K Sadeharju1, M Knip, M Hiltunen, H K Akerblom, H Hyöty.   

Abstract

AIMS/HYPOTHESIS: Enterovirus infections are among the environmental risk factors potentially contributing to the pathogenesis of Type 1 diabetes. The aim of this study was to evaluate virus-host interaction by analysing the enterovirus antibody levels in subjects carrying different HLA-DR alleles associated with either increased or decreased risk of Type 1 diabetes.
METHODS: Antibodies against coxsackievirus B4 were measured to study immune responses induced by natural enterovirus infections and against poliovirus 1 to study immune responses induced by immunisation by enterovirus antigens (vaccine). Antibodies against the mumps virus were measured as a control. Study subjects included siblings of children with Type 1 diabetes taking part in the Childhood Diabetes in Finland (DiMe) Study and carrying either HLA-DR risk (DR3 and/or DR4) or protective (DR2) alleles.

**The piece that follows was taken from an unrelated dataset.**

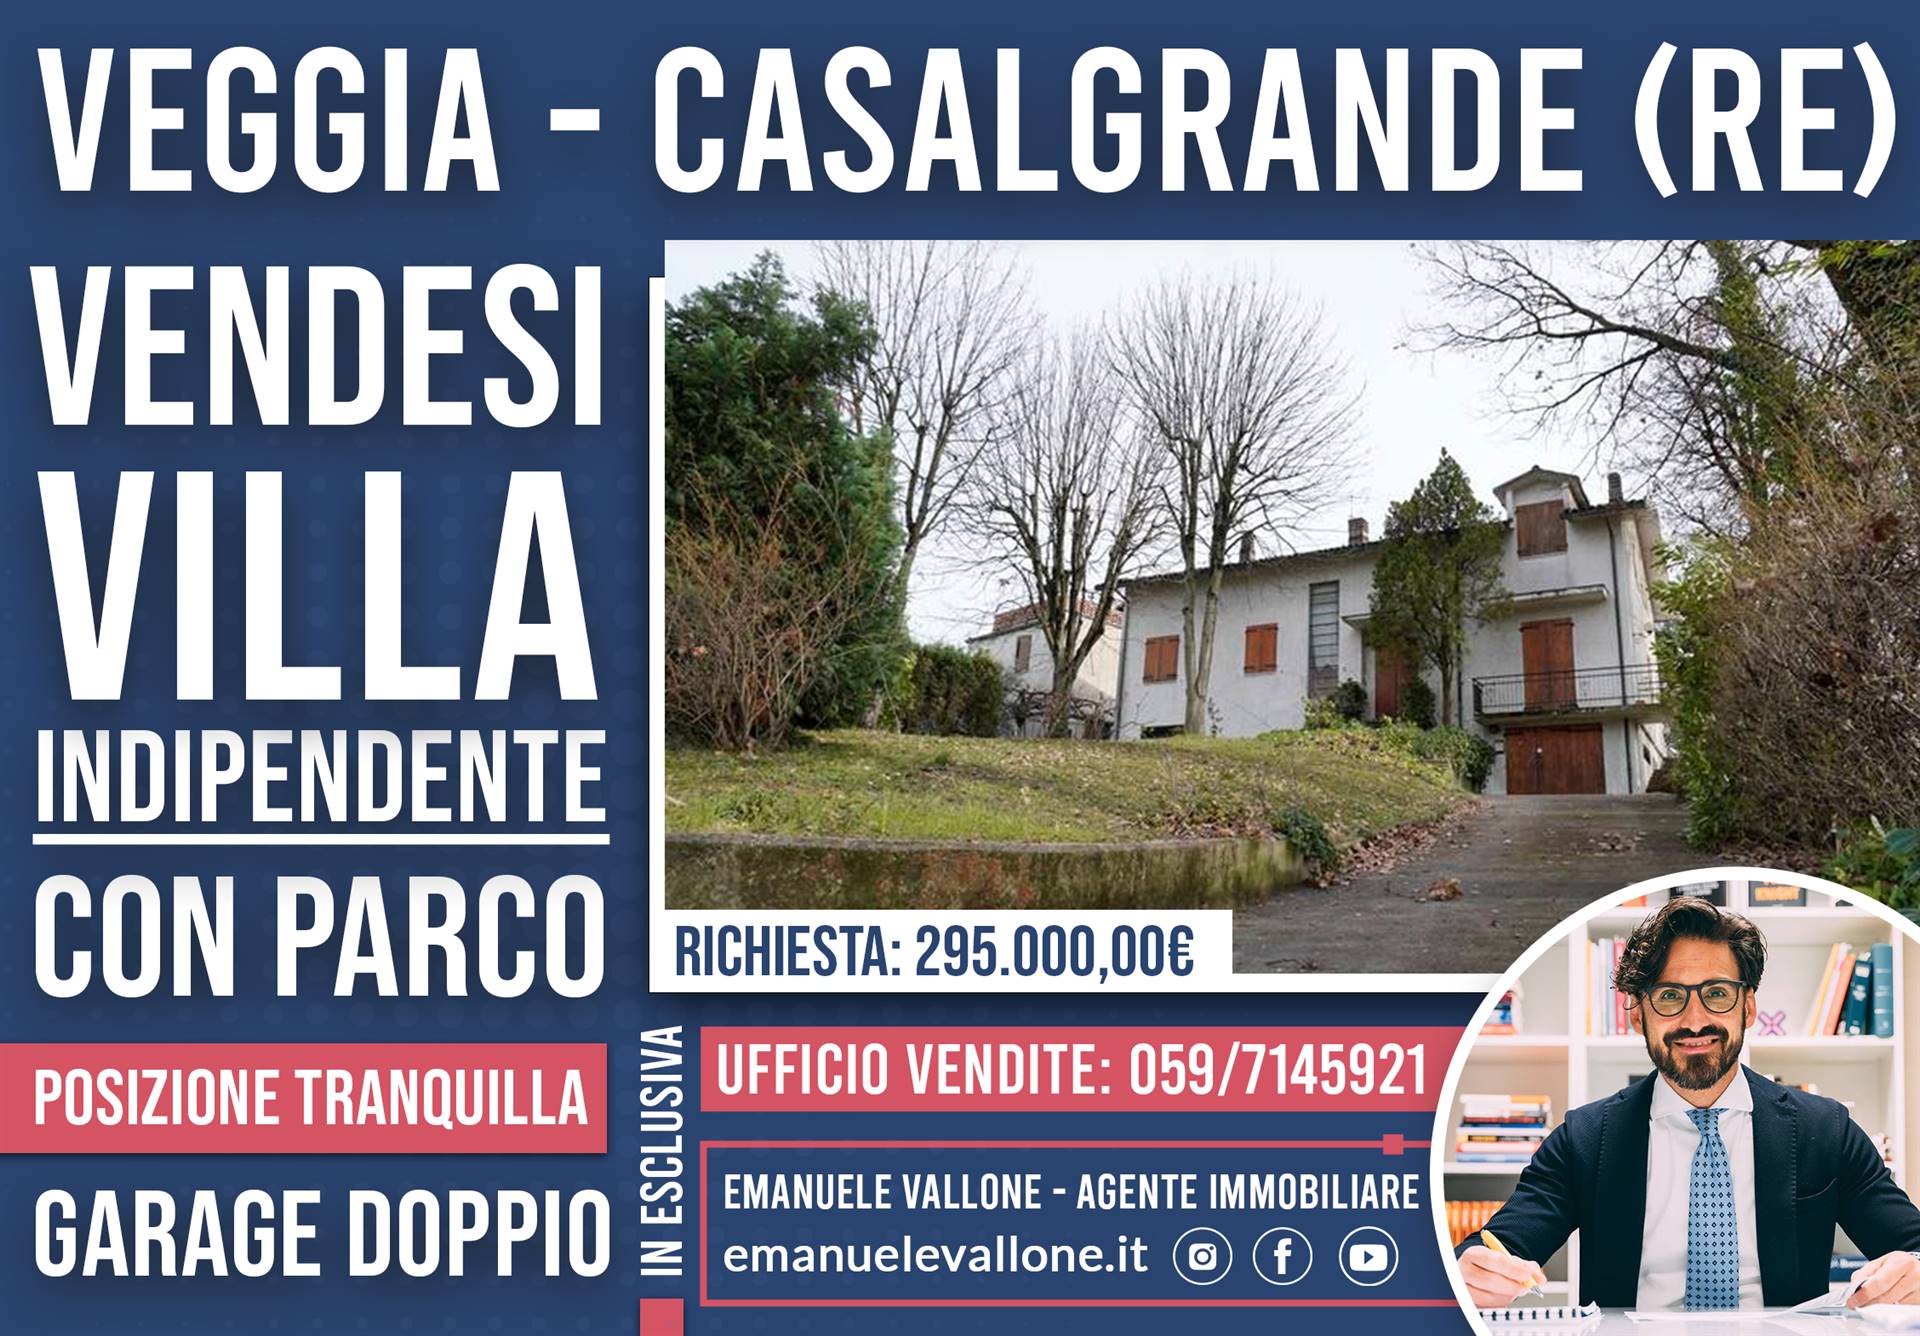 Emanuele Vallone - Agenzia Immobiliare Modena - Villa in Vendita a CASALGRANDE
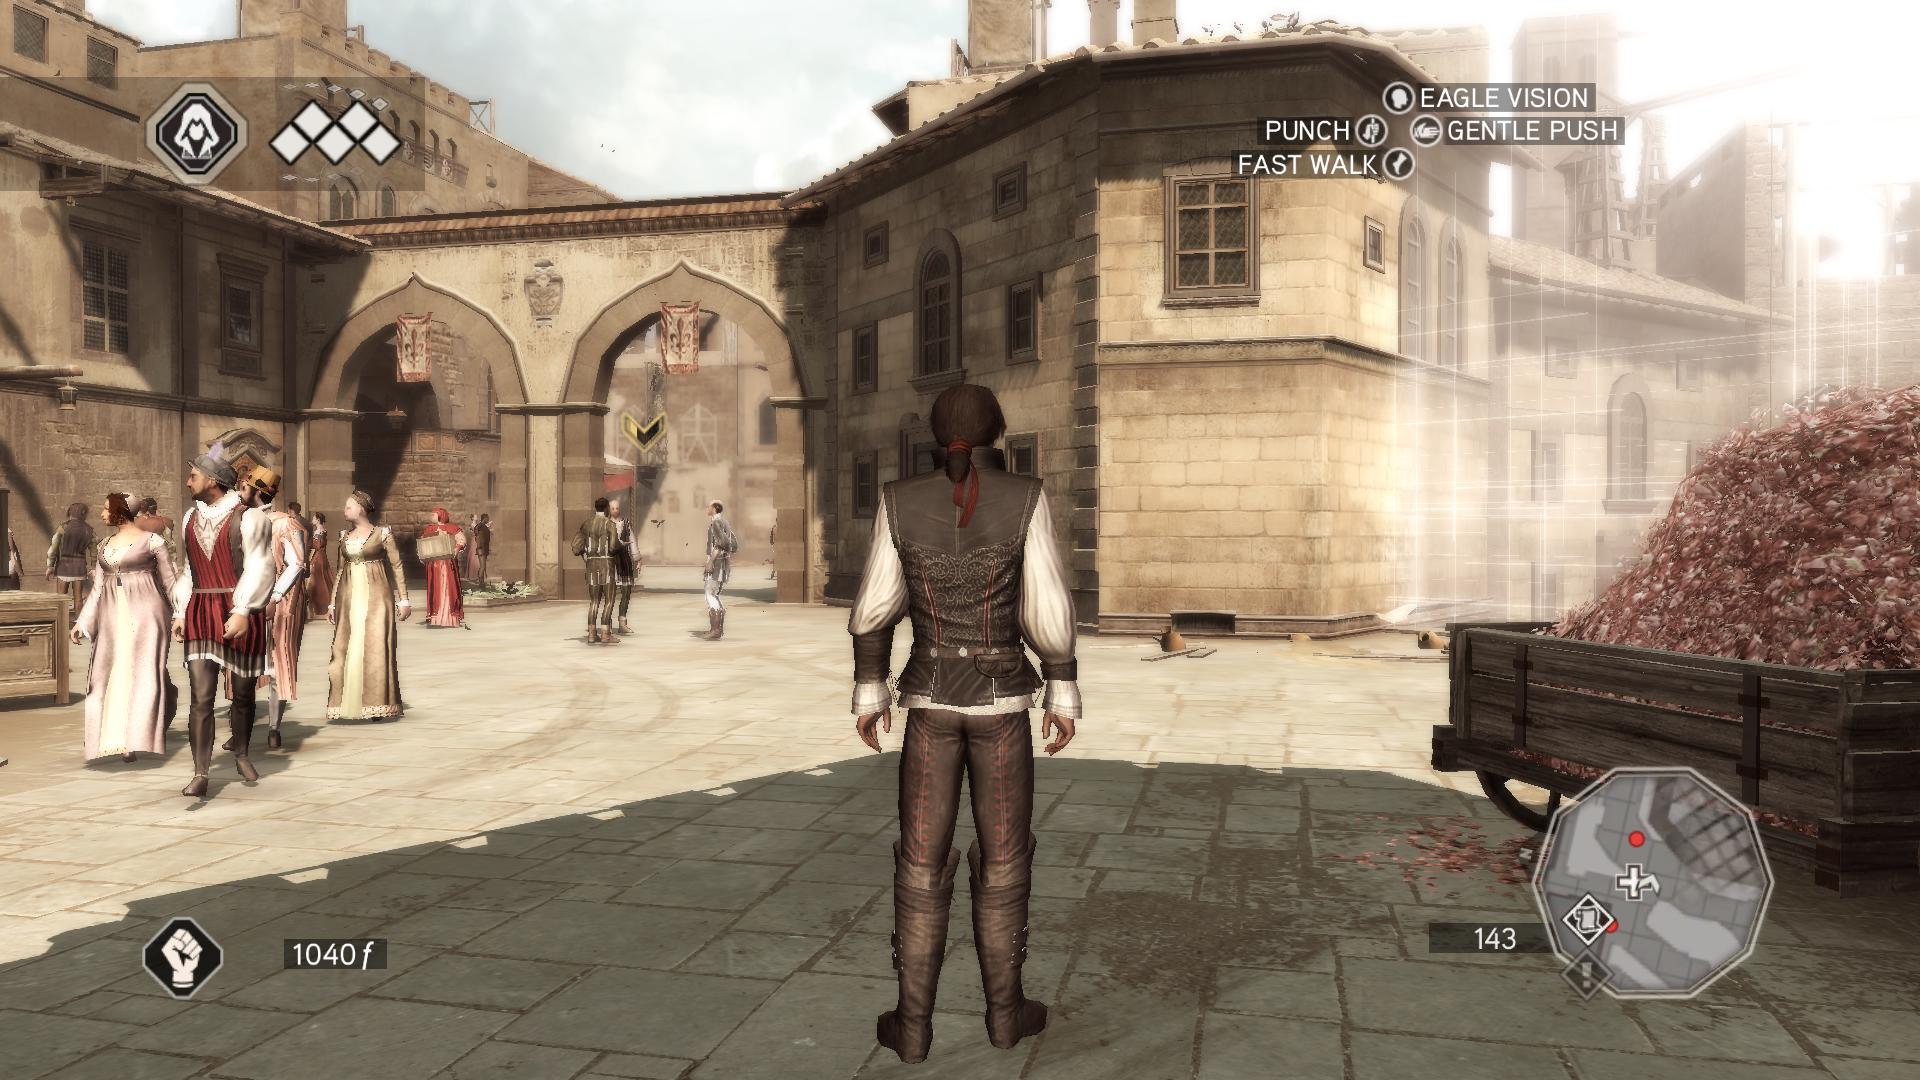 Ассасин 2 загадки. Ассасин Крид 2 иксбокс 360. Assassin’s Creed 2 (Xbox 360) Скриншот. Assassins Creed 2 Скуола Сан Марко.

RESULTS: Children with either the HLA-DR3 or HLA-DR4 allele and those with both these risk alleles had higher Coxsackie B4 antibody levels than children carrying the HLA-DR2 allele ( p=0.01, p=0.01 and p=0.008, respectively). High responders (IgG levels higher than 75 percent) were also more frequent among genetically susceptible children compared to children with the protective DR2 allele (27% vs 12%) ( p<0.009). The same trend was seen for poliovirus antibodies, while mumps antibody levels had a different pattern (high responders more common among DR2-positive subjects). CONCLUSIONS/
INTERPRETATION: Diabetes-associated HLA-DR risk alleles were associated with a strong immune responsiveness and protective alleles with a weak responsiveness against enterovirus antigens. This phenomenon should be taken into consideration in serological case-control studies and it might play a role in virus-induced beta-cell damage.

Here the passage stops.